Even though you can literally do an infinite amount things to a song to make it sound cool, not all production choices really benefit the song. You still need to make sure there is some musical hook that centers people into the song; you need to make sure that there is emotional movement that reaches a climax so people don’t get bored and skip to the next tune; you need it to say/evoke exactly what you—the writer—have in mind; and you need it to sound clean. It’s a balancing act but it is important…and at the end of the day, it’s your song…your words that you are throwing out there for other people to connect with.
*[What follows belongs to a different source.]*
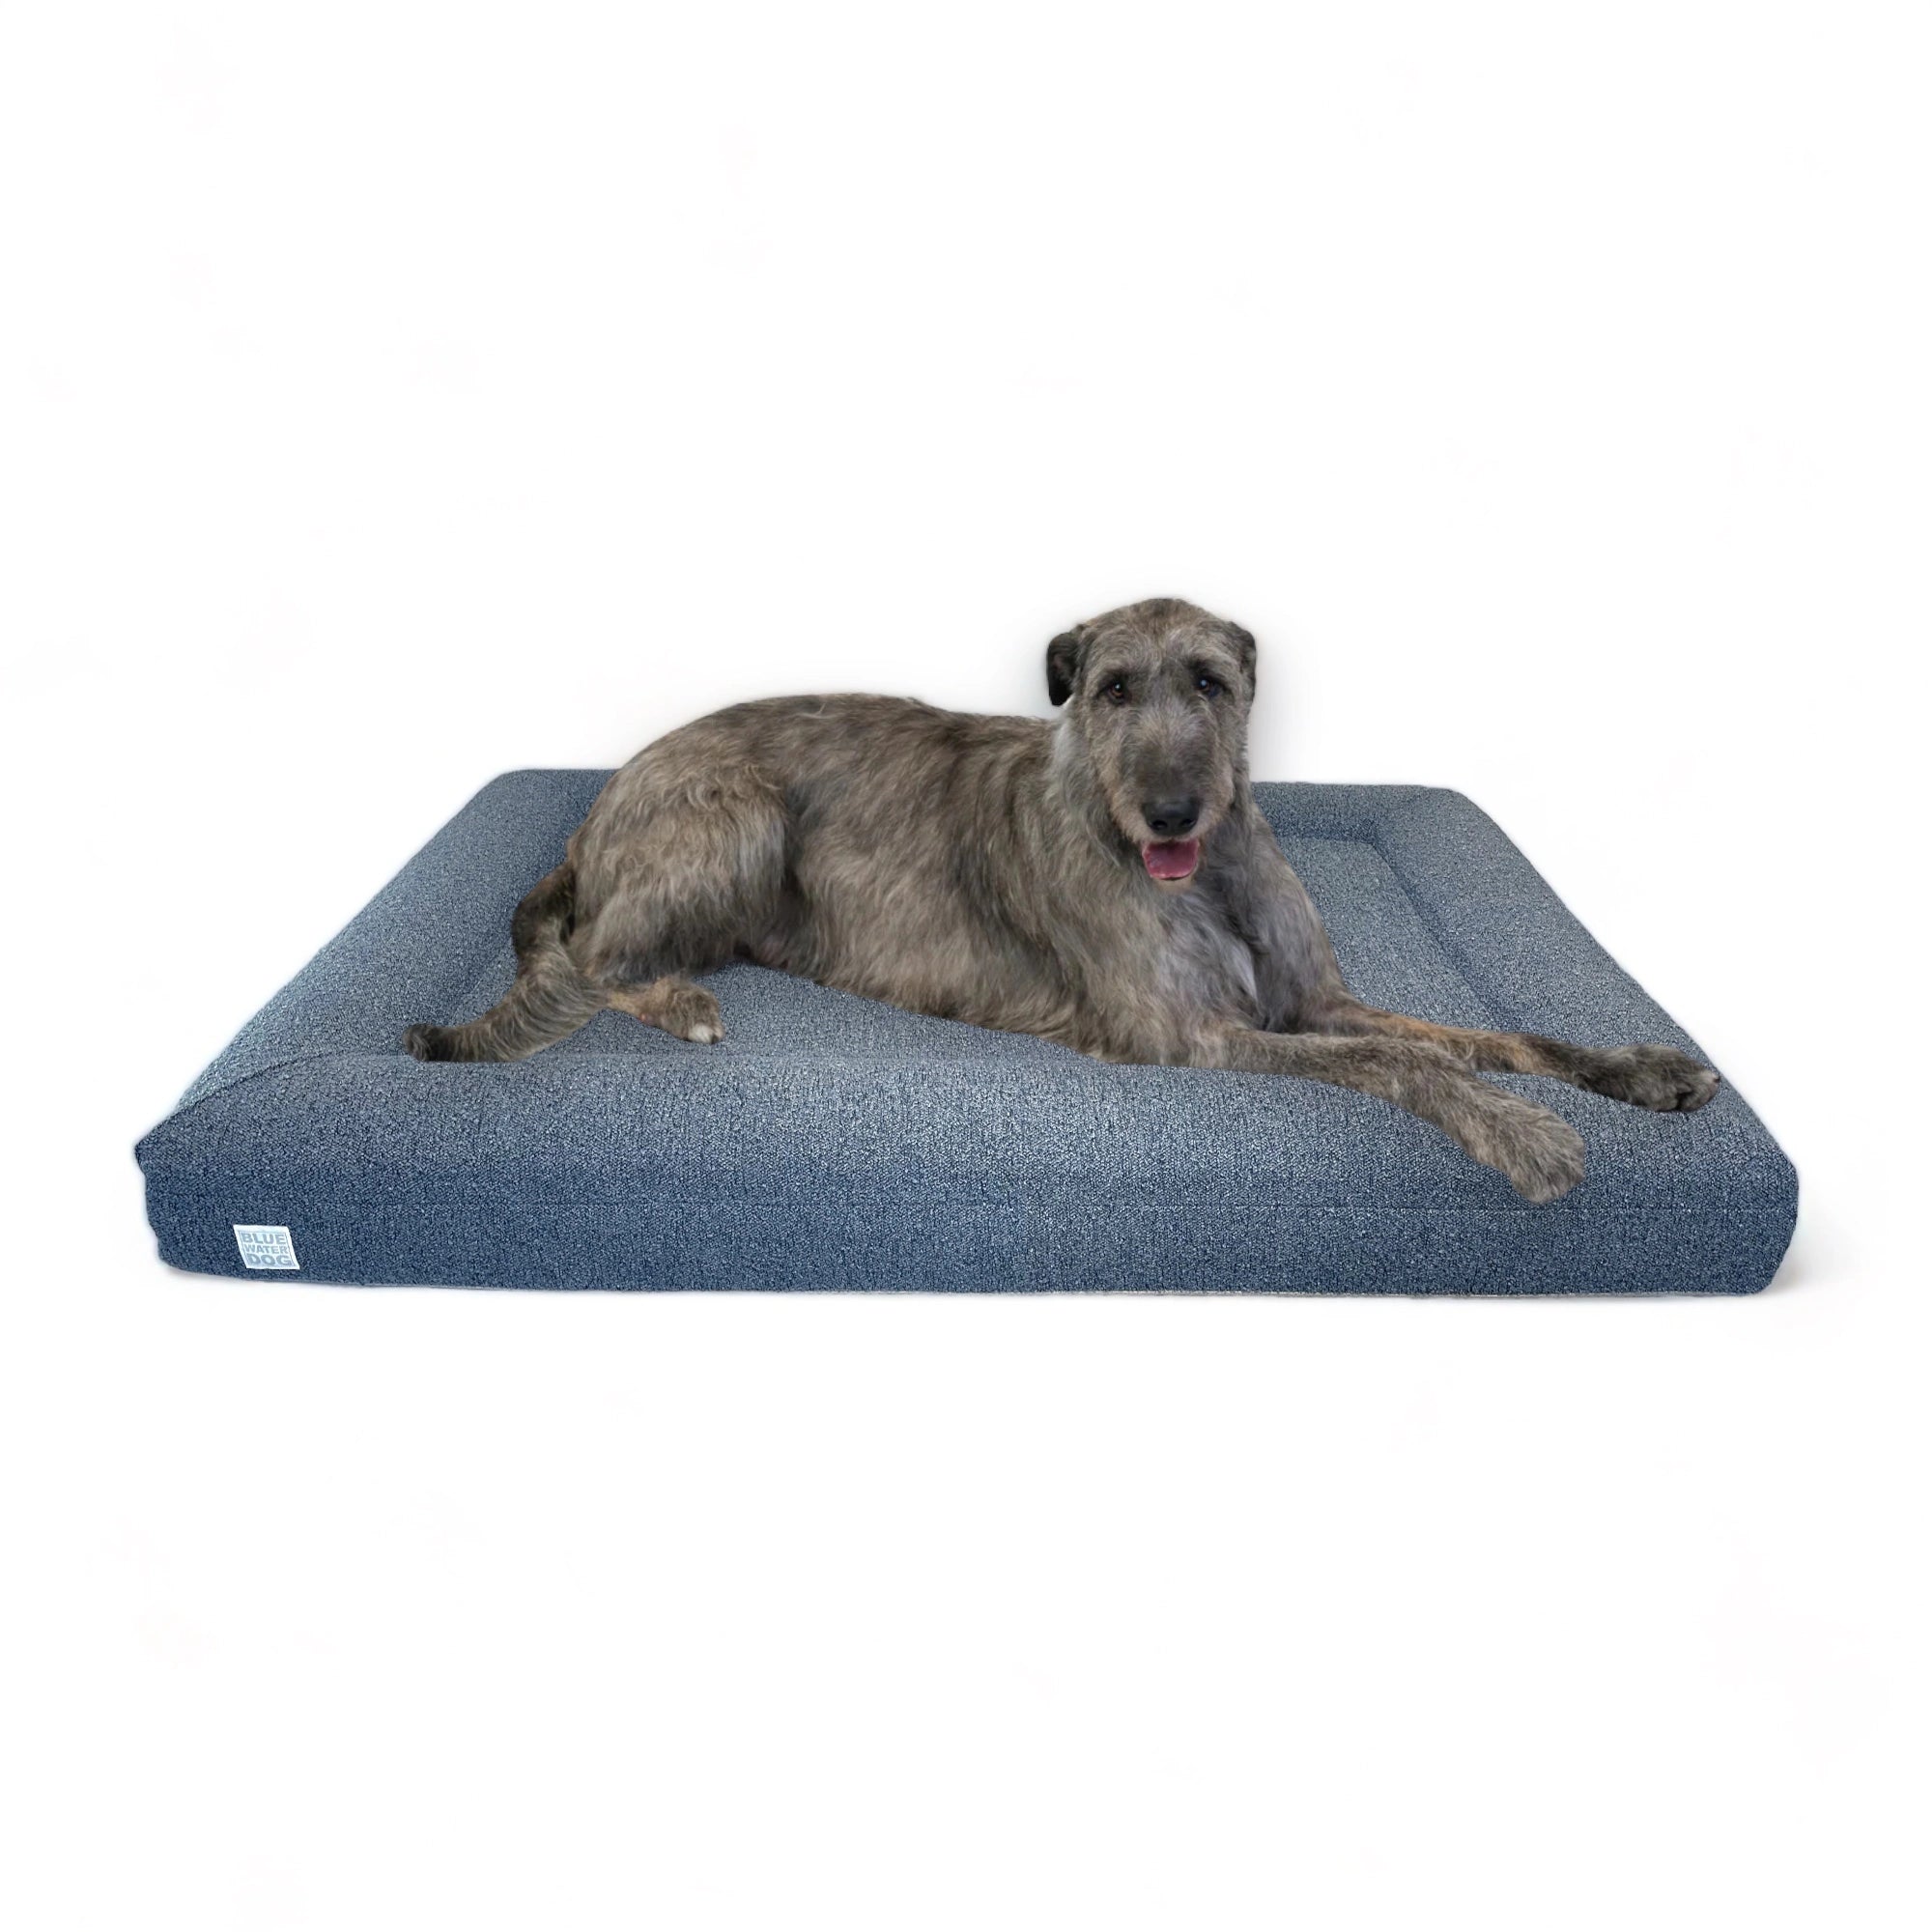 Irish Wolfhound laying on an extra large, blue-colored orthopedic memory foam boucle dog bed.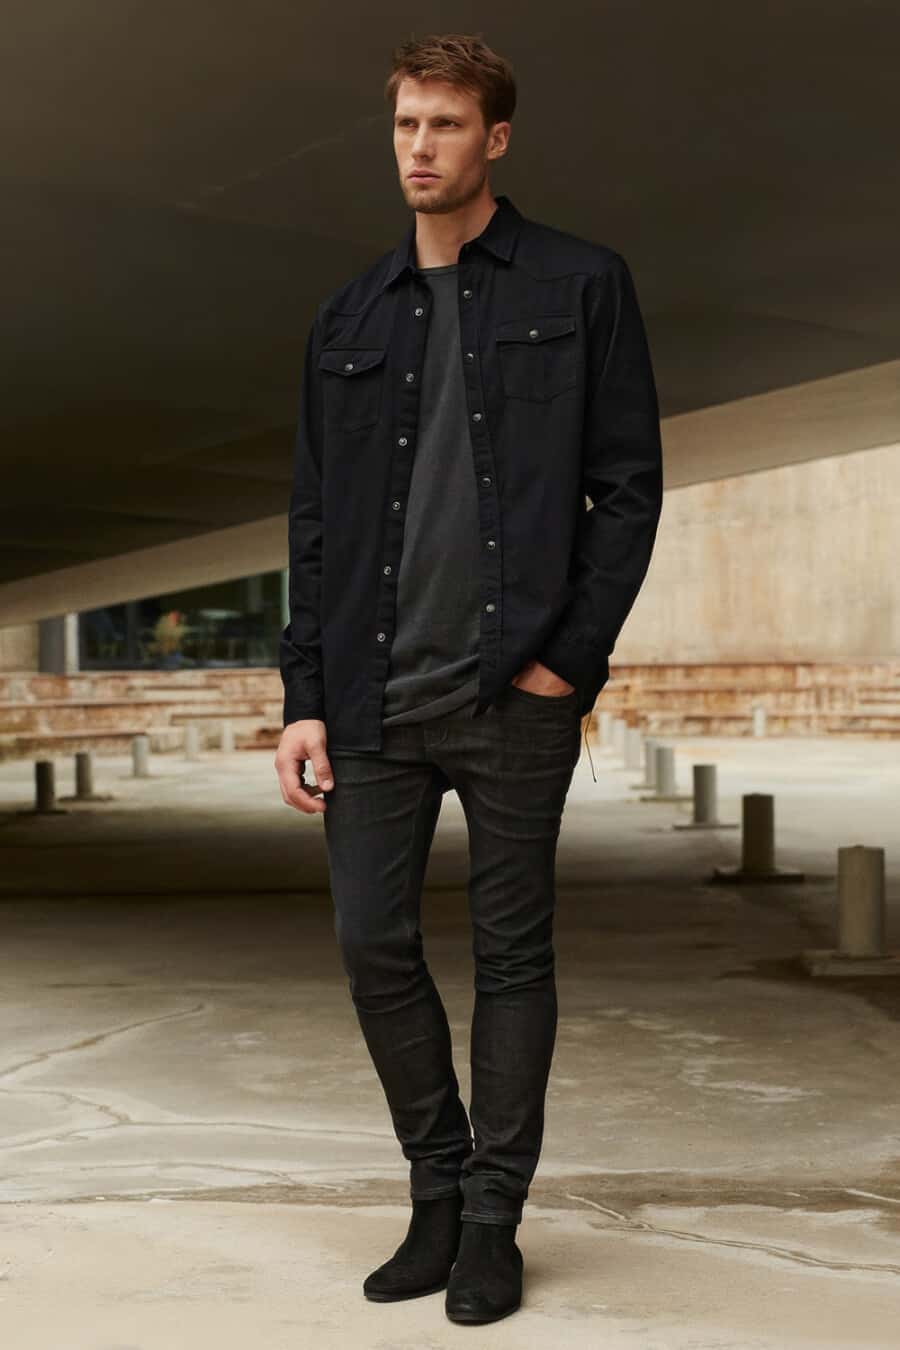 Men's black jeans, black T-shirt, black denim overshirt and black suede Chelsea boots outfit

My goal, whether I am composing for a film, writing a song for a TV show, coming up with some hooky guitar part*, or subcontracting Travertine Monks while creating a drum/harpsichord/banjo hip-hop loop, is to get what is in the head of the artist/producer/director into the recording…all the while paying special attention to what drives the song and what it seems the intended audience wants to hear. Capiche?
*It is not a musical law that all hooks must be played on guitar: pianos, vocals, mandolins, drums, glockenspiels, bell trees and didgeridoos can all get in on the hooky excitement. No chimes allowed though.